Well – that makes a change
However, that was of course untrue!
Mhmm, I used to read almost nothing but the guardian before covid times … now I couldn’t bring myself to open this or any other article and I don’t see myself ever going back.
The Guardian has singularly ailed to live up to its name in any way shape or form, the good news is nobody but the bbc buys it now, it’s a worthless brand. The guardian is doomedIt died of covid19, part of the collateral damage of lockdown.
I have no doubt that, had the Guardian led the charge against lockdown, lives would have been saved, but the strong current of political correctness was too much for it to ignore. So they burned all their principles on an ill fated crusade against human rights. It’s strangely satisfying that a paper founded on support fot human rights should run aground when it abandoned its principles. Good riddance to bad rubbish, my only regret is that I was a loyal reader for 30 years. I even used to buy it at Munich Hauptbahnhof, when I lived there – more fool me, they abandoned me, though. They are too childish now.
The Groan went over to the dark side a while ago – when the Scott Trust was folded and the editorship changed. For a while, it wasn’t noticed except by a few who fell foul of its establishment biases and got blanked by its comment columns. Although in earlier times, for instance, it had been leaned on by the Israel lobby, it suddenly wouldn’t report its doings.
Thus the epithet ‘The House Journal of MI6’ – i.e – a safe channel for stuff coming out of government and the establishment.
Correct. I used to do that every day (even back in paper days), but I’m glad I never subscribed to it online.
“Understanding these drivers is important, because without this understanding you can’t implement any interventions.”
Why would they want to implement interventions? How about leaving it to individuals to make up their own minds and then respect that decision?
Come, come, if people did that then we would be back on the path to at least some hint at democracy!
Exactly – I don’t see myself and my attitudes as being a ‘problem’ they must ‘tackle’.
Unfortunately for us they see our attitudes and ourselves as problems!
Too true – but long may we remain a pain in their collective arse!
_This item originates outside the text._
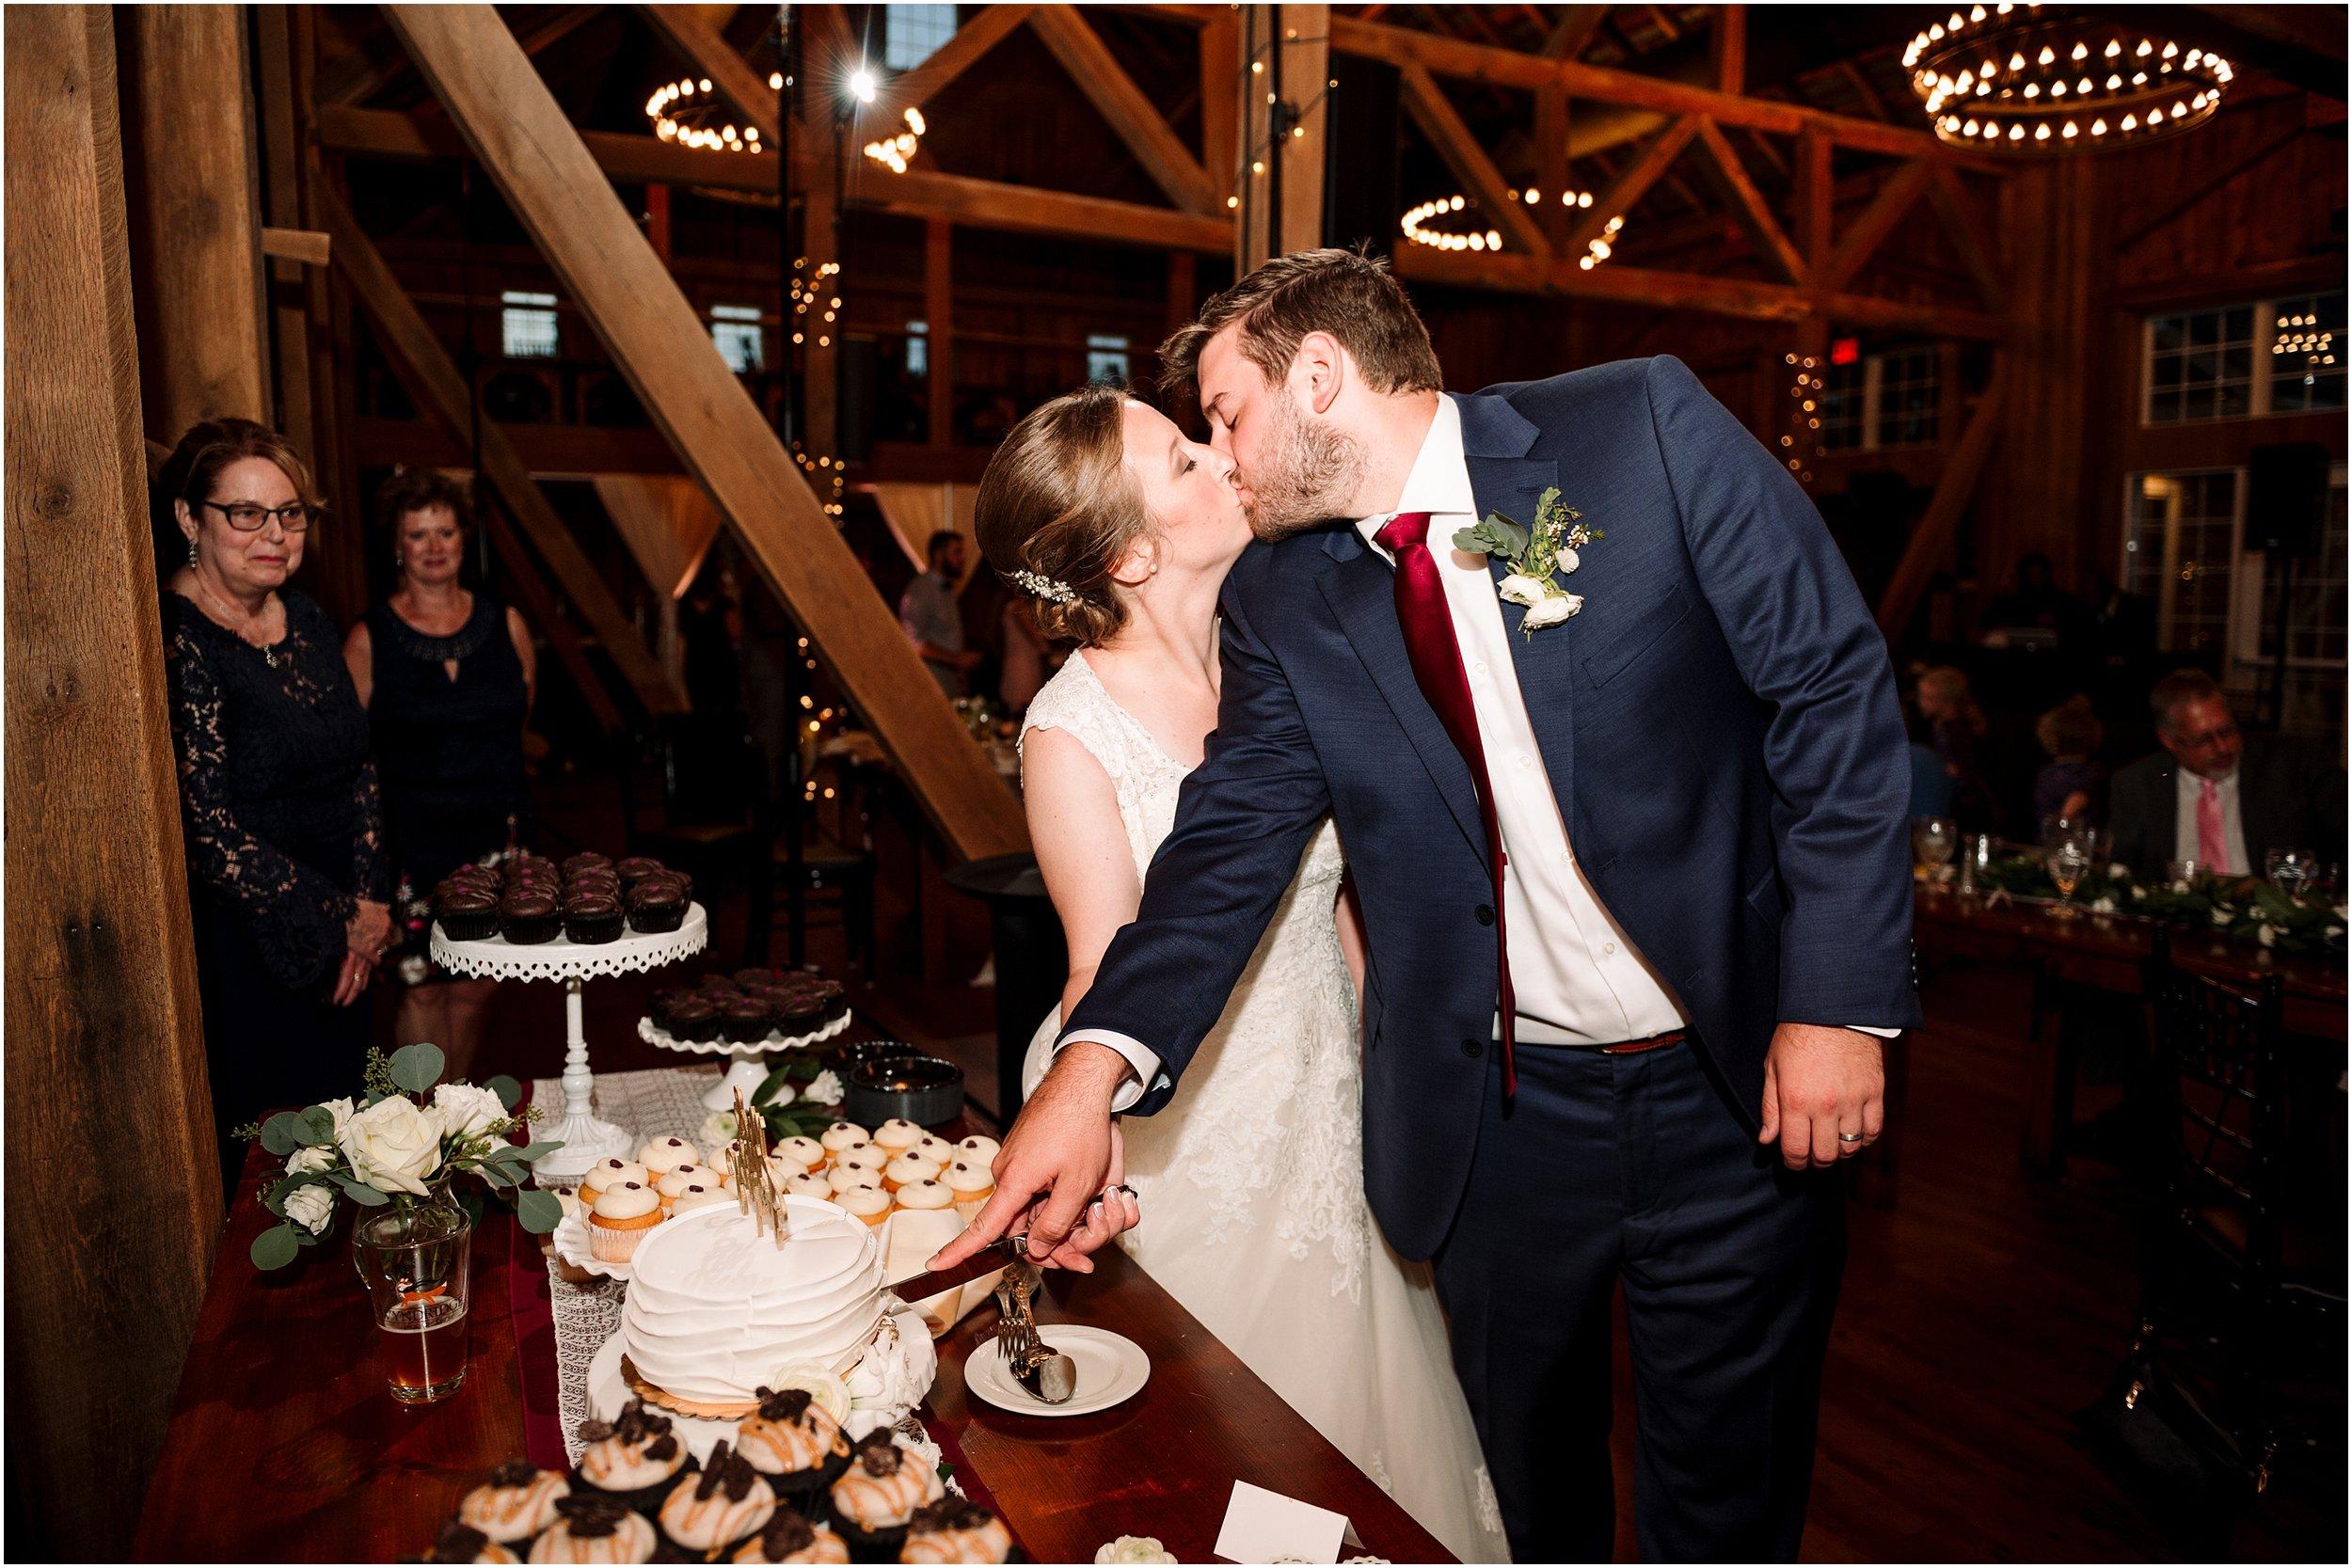 hannah leigh photography Wyndridge Farm Wedding York PA_1552.jpg

People are too ignorant for that policy, that is why we have to be governed.
Ja wohl!
Could you imagine the chaos if we let people decide for theselves whether to drive on the left or the right side of the road ? Or whether to pay tax or not. Or when they are sober enough to drive. Use you head, George! No, sometimes it is quite right for a government to make a law, we need that!
Why are you on this site?
It’s here because it’s on duty.
I’d love to know how much they’re getting paid.
“sometimes” – No one had argued for never. The discussion is specifically about coerced / forced medical experimentation. If you read back your comment, I think you’ll recognise it wasn’t making any relevant point.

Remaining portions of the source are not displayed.